I didn't realise there already were codes for those families, but if they exist then we could use them. I still wonder what to do with any other similar cases, though. Cases that don't have codes yet. —CodeCat 20:04, 25 June 2011 (UTC)[reply]
Though the families should preferably not have the same name as their (only) member, as this has a potential for confusion. -- Prince Kassad 15:58, 26 June 2011 (UTC)[reply]

English terms with obsolete senses, etc.

Category:English rare terms was moved to Category:English terms with rare senses per WT:RFM#Category:English rare terms.

I think some categories should follow suit:

--Daniel 21:26, 25 June 2011 (UTC)[reply]

For consistency, yes, they should all be one or the other. I don't really care which one though. —Internoob (DiscCont) 00:44, 26 June 2011 (UTC)[reply]
I oppose until I see a convincing reasoning. The discussion at WT:RFM#Category:English rare terms, 19 June 2011, does not show anything like a consensual support for renaming, so I don't understand what made you create Category:English terms with rare senses. To the contrary, several people pointed out that "English nouns" also contains non-noun senses. I find your "was moved to" phrasing in your first sentence misleading; it was you who has done the move, and who has wrongly decided there was a consensus. I am far from convinced this increase of verbosity of category names is a good thing: we may soon arrive at "English terms with noun senses", a thing that I hope people can learn to infer from "English nouns". --Dan Polansky 11:29, 27 June 2011 (UTC) Later: On a more careful reading and thought, the RFM discussion showed something approaching at least lack of opposition for renaming, and had voices sympathetic to renaming. Furthermore, the motivation for renaming is that to call a term a "rare term" when it only has a rare sense seems wrong. I don't know any more. --Dan Polansky 11:45, 27 June 2011 (UTC)[reply]
Please note that, in that discussion, everybody ultimately acknowledged "Category:English rare terms" as an inaccurate name, even the people who first compared it to "Category:English nouns" as argument contrary to renaming the category. I don't want the creation of "English terms with noun senses", and I think nobody else wants it either.

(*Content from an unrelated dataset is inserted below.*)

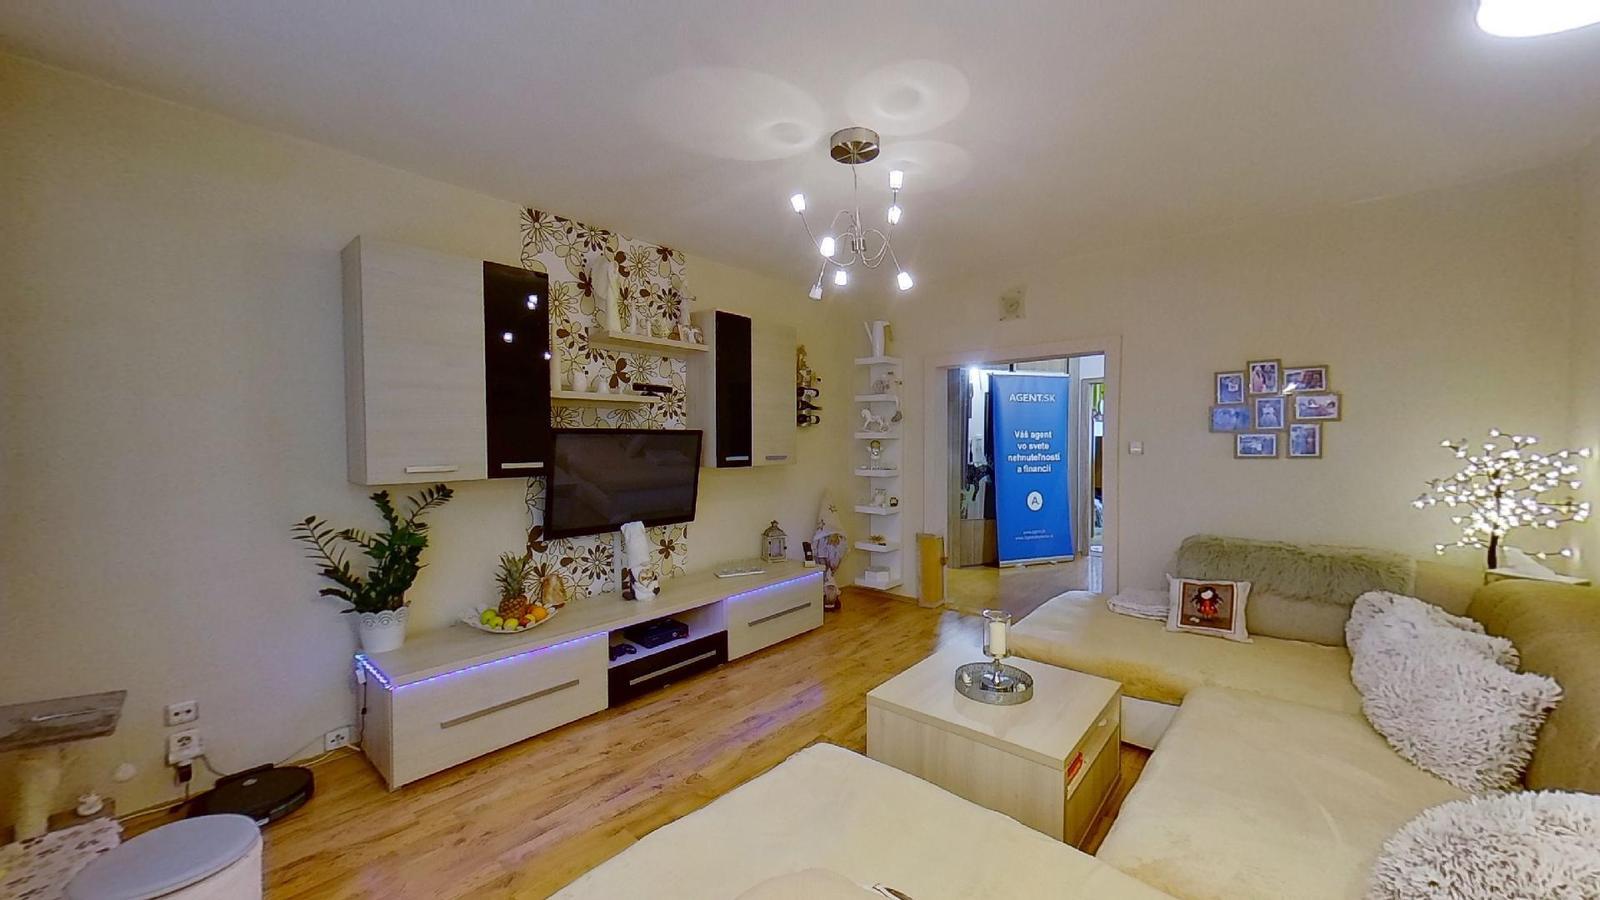 Zmodernizovaný 3-izbový byt v Čadci +421 918 127 259 - Obrázok č. 1

When I said above I had moved a category according to a RFM discussion, I was being sincere. --Daniel 07:18, 3 July 2011 (UTC)[reply]

Next votes

These votes are scheduled to start in two days:

Feel free to double-check and edit their proposals before they start. --Daniel 04:01, 27 June 2011 (UTC)[reply]

English terms spelt with .

¶ Should any English words be suppressed from Category:English terms spelled with ., or is this better off without unique restrictions? --Pilcrow 06:19, 27 June 2011 (UTC)[reply]

Note: His question stems from this small conversation. --Daniel 06:27, 27 June 2011 (UTC)[reply]

So: no objections for allowing any English terms containing . in that category? --Pilcrow 05:03, 1 July 2011 (UTC)[reply]

I think so. Lack of response is lack of objections. --Daniel 05:14, 1 July 2011 (UTC)[reply]
¶ Well, I would freely go ahead and categorize such words, but I thought rushing into (this) action without discussion was bad faith. --Pilcrow 05:16, 1 July 2011 (UTC)[reply]
You gave a place for people to discuss your idea, especially an idea that is arguably uncontroversial: populating a category with exactly the members mentioned in its title and description. That's what I call good faith. --Daniel 05:41, 1 July 2011 (UTC)[reply]

Pinyin entries are allowed and shíyóu is attested (google books:shíyóu), but why was it deleted by Anatoli? Engirst 04:56, 28 June 2011 (UTC)[reply]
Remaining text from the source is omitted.